To display information about the dump session (time when dump was taken) use vertarget command, eg.:
0:012> vertarget
Windows 7 Version 7601 (Service Pack 1) MP (8 procs) Free x64
Product: Server, suite: TerminalServer SingleUserTS
kernel32.dll version: 6.1.7601.18409 (win7sp1_gdr.140303-2144)
Machine Name:
Debug session time: Thu Apr 9 10:53:08.000 2015 (UTC + 2:00)
System Uptime: 1 days 17:37:49.480
Process Uptime: 1 days 17:36:49.000
Kernel time: 0 days 0:00:05.000
User time: 0 days 0:00:37.000
Additionally when dump is loaded into windbg it will print the comment (if any) embedded into it.
Great tool to display information about the collected dump is dumpchk.exe.

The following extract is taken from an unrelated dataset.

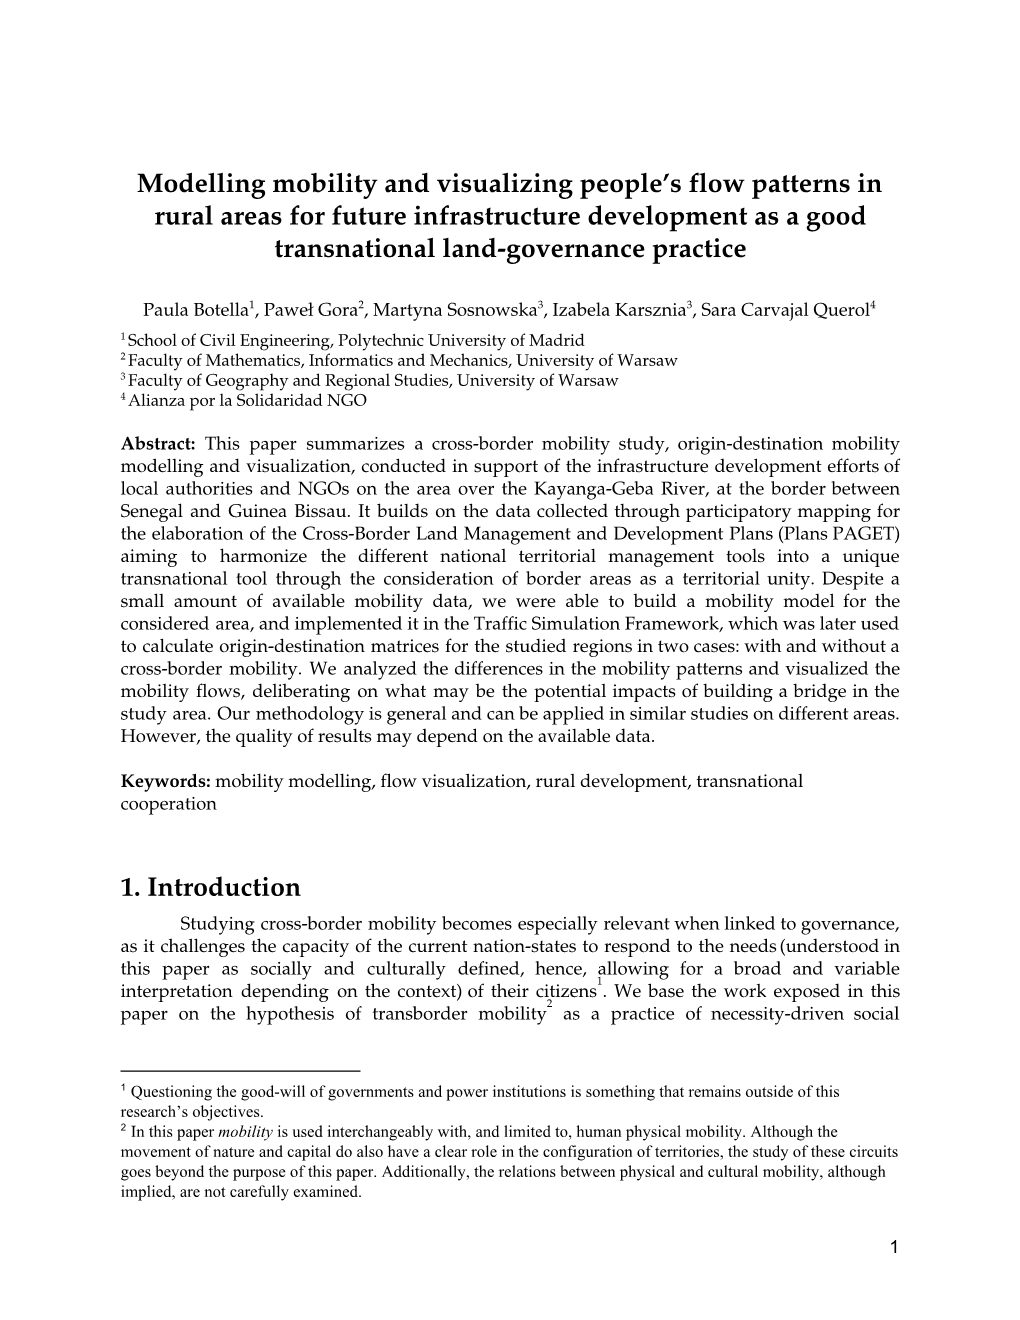 Modelling Mobility and Visualizing People's Flow Patterns in Rural Areas

Example excerpt of the command output:
................................................................
............
Loading unloaded module list
..
----- User Mini Dump Analysis
MINIDUMP_HEADER:
Version A793 (61B1)
NumberOfStreams 13
Flags 1826
0002 MiniDumpWithFullMemory
0004 MiniDumpWithHandleData
0020 MiniDumpWithUnloadedModules
0800 MiniDumpWithFullMemoryInfo
1000 MiniDumpWithThreadInfo
Streams:
Stream 0: type ThreadListStream (3), size 00000514, RVA 000001DC
27 threads
RVA 000001E0, ID 24F0, Teb:000007FFFFFDD000
RVA 00000210, ID 1678, Teb:000007FFFFFDB000
...
Stream 7: type SystemInfoStream (7), size 00000038, RVA 000000BC
ProcessorArchitecture 0009 (PROCESSOR_ARCHITECTURE_AMD64)
ProcessorLevel 0006
ProcessorRevision 2501
NumberOfProcessors 02
MajorVersion 00000006
MinorVersion 00000001
BuildNumber 00001DB1 (7601)
PlatformId 00000002 (VER_PLATFORM_WIN32_NT)
CSDVersionRva 00024DC4
Length: 28
Buffer: {'Service Pack 1'}
Product: Server, suite: TerminalServer DataCenter SingleUserTS
Stream 8: type MiscInfoStream (15), size 000000E8, RVA 000000F4
Stream 9: type HandleDataStream (12), size 00000010, RVA 0003BC58
0 descriptors, header size is 16, descriptor size is 40
Stream 10: type UnusedStream (0), size 00000000, RVA 00000000
Stream 11: type UnusedStream (0), size 00000000, RVA 00000000
Stream 12: type UnusedStream (0), size 00000000, RVA 00000000
Windows 7 Version 7601 (Service Pack 1) MP (2 procs) Free x64
Product: Server, suite: TerminalServer DataCenter SingleUserTS
kernel32.dll version: 6.1.7601.18409 (win7sp1_gdr.140303-2144)
Machine Name:
Debug session time: Fri Jan 16 12:56:26.000 2015 (UTC + 1:00)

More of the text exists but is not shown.